Bookstores Raise Money for Immigrant Aid Organizations

Chalkboard at Bookloft in Great Barrington, Mass.

Bookstores around the country are making donations to and highlighting organizations that are helping immigrants, particularly  asylum-seekers along the border with Mexico whose children have been separated from them by the federal government.

This weekend, Print: A Bookstore, Portland, Maine, is donating 20% of all profits from its sales in-store and online to KIND (Kids in Need of Defense), which works to protect children who enter the U.S. immigration system alone to ensure that no child appears in court without an attorney. The store commented: "We, like many others, take moral issue with the current administration's continued effort to detain families indefinitely at the border and separate children from their parents.
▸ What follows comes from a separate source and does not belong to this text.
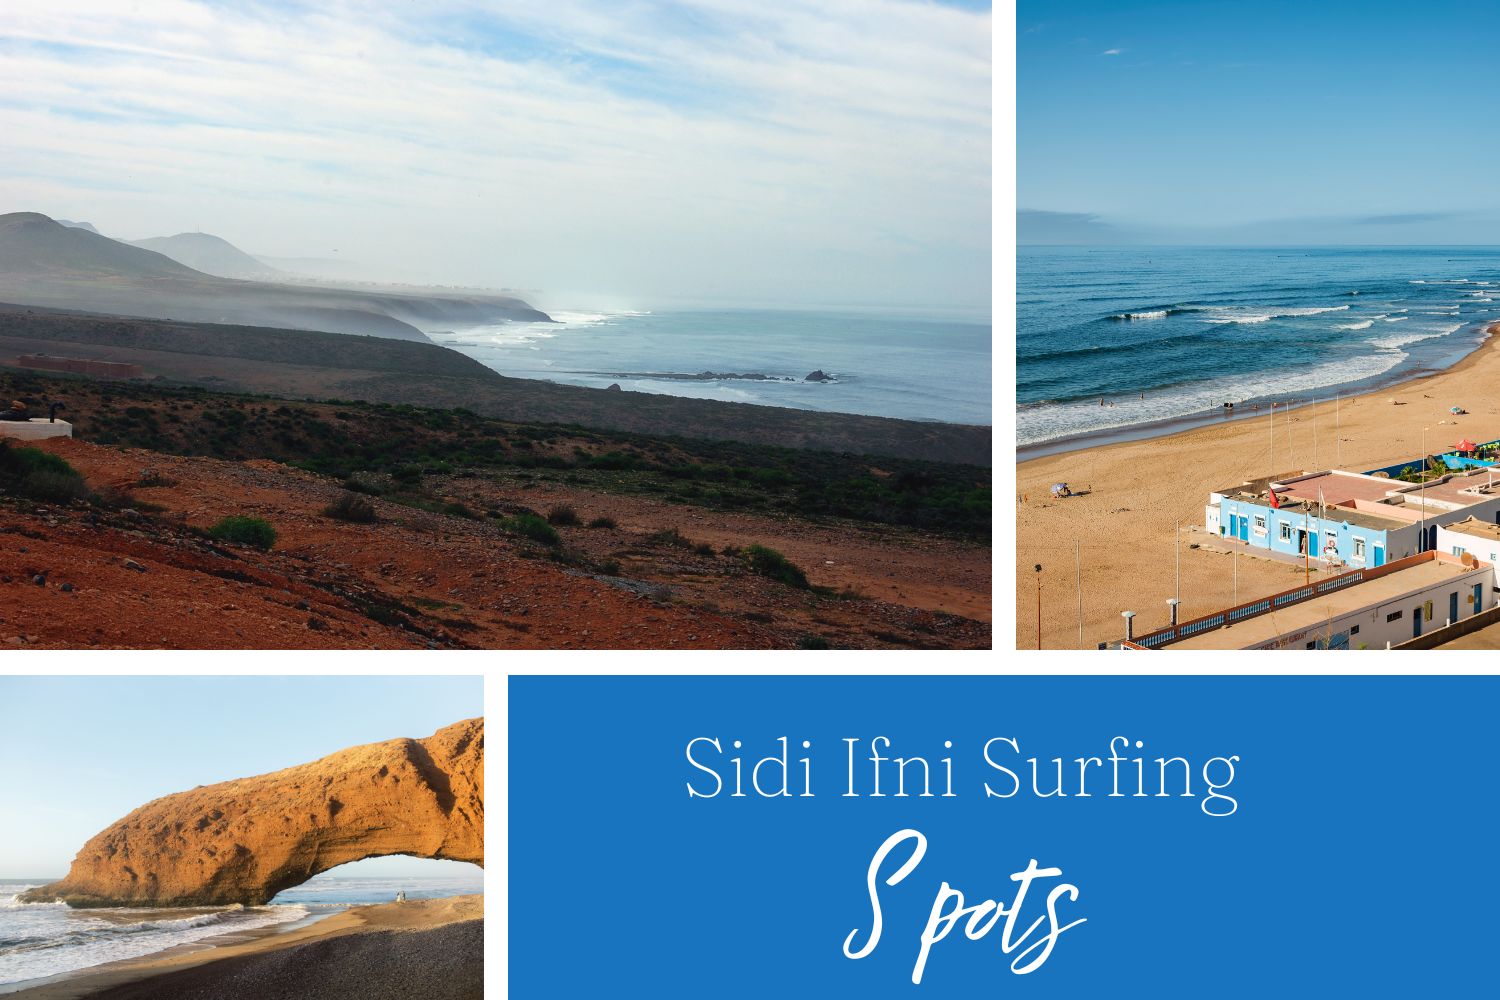 Sidi Ifni Surfing Spots

KIND and many other terrific organizations like RAICES and the Florence Project are working tirelessly to make sure the rights of immigrants and those seeking asylum are protected. Because we believe that we become stronger as a country, as citizens and as human beings by doing things that bring us together--not things that tear us apart."

Last weekend, the Bookloft, Great Barrington, Mass., donated all proceeds from its sales to RAICES (the Refugee and Immigrant Center for Education and Legal Services), which provides free and low-cost legal services to underserved immigrant children, families and refugees in Central and South Texas. The store posted: "Your purchases allow us to put a check in the mail to RAICES today for $6,609.04."

Last Saturday, Third Place Books, with three stores in Seattle, Wash., donated 20% of all sales to RAICE. The day of donations was the idea of Avery Peregrine, a bookseller at Third Place Books Seward Park who recalled the store's fundraising last October for Hurricane Maria relief in Puerto Rico and suggested doing something similar for the current crisis stemming from President Trump's "zero-tolerance" immigration policy.

Third Place managing partner Robert Sindelar said that the stores raised $7,488 for RAICES and that customer reaction was "incredibly positive. Readers at all three stores were making a point of thanking us throughout the day and purchasing stacks of books in the process." Sales were up almost 80% in the stores and online. Noting that Third Place raised $6,585 for Hurricane Maria relief, he added, "I am thrilled that Avery had the instinct and intuition to suggest a similar campaign to help the children in crisis at the border."

On June 20, United Nations' World Refugee Day, Left Bank Books, St. Louis, Mo., donated 20% of its proceeds, which amounted to $973.28, to RAICES. "All credit is due to the wonderful community we serve," said store co-owner Jarek Steele. "They responded in force when we put out the call... We are grateful and heartened by the response."

In announcing the event, the store wrote:

"We at Left Bank Books are appalled by the stories of children being separated from their families at the border of our country. We condemn in the strongest terms the cruel actions taken against these families in our name.

"We are obligated, every one of us, to seek a higher ground. To be better than this. To be the best selves we can be. This is our time to show who we are as citizens of this country and grasp the highest moral ground, the strictest code of kindness and compassion. We must use our time on this earth to do good and to leave it a better place for those who come after us.

"That means holding our elected officials accountable, insisting that this practice stop by protest in any form we are able, and showing support to the organizations who are doing the hard work of protecting these families and the rest of us from ourselves.

"This is our watch."

Also in honor of World Refugee Day, Brazos Bookstore, Houston, Tex., gave a 20% discount through the end of last week to any customer who could show proof of a donation to RAICES.

Ripped Bodice's Fitz print.

The Ripped Bodice: A Romantic Bookstore, Culver City, Calif., is donating 100% of the proceeds from the sale of a print of Fitzwilliam Waffles, "the most famous romance bookstore dog in the world," to RAICES. Orders for Fitz's Fundraiser must be placed by July 9.

And in related effort, starting on Monday, July 2, One More Page Books, Arlington, Va., is giving away 25 copies of On Tyranny: Twenty Lessons from the Twentieth Century by Timothy Snyder (Tim Duggan Books) to the first 25 people who show the store their voter registration cards. Owner Eileen McGervey called On Tyranny "a small and powerful book. We've sold many, many copies, but we want to get it in the hands of even more folks and emphasize the importance of voting."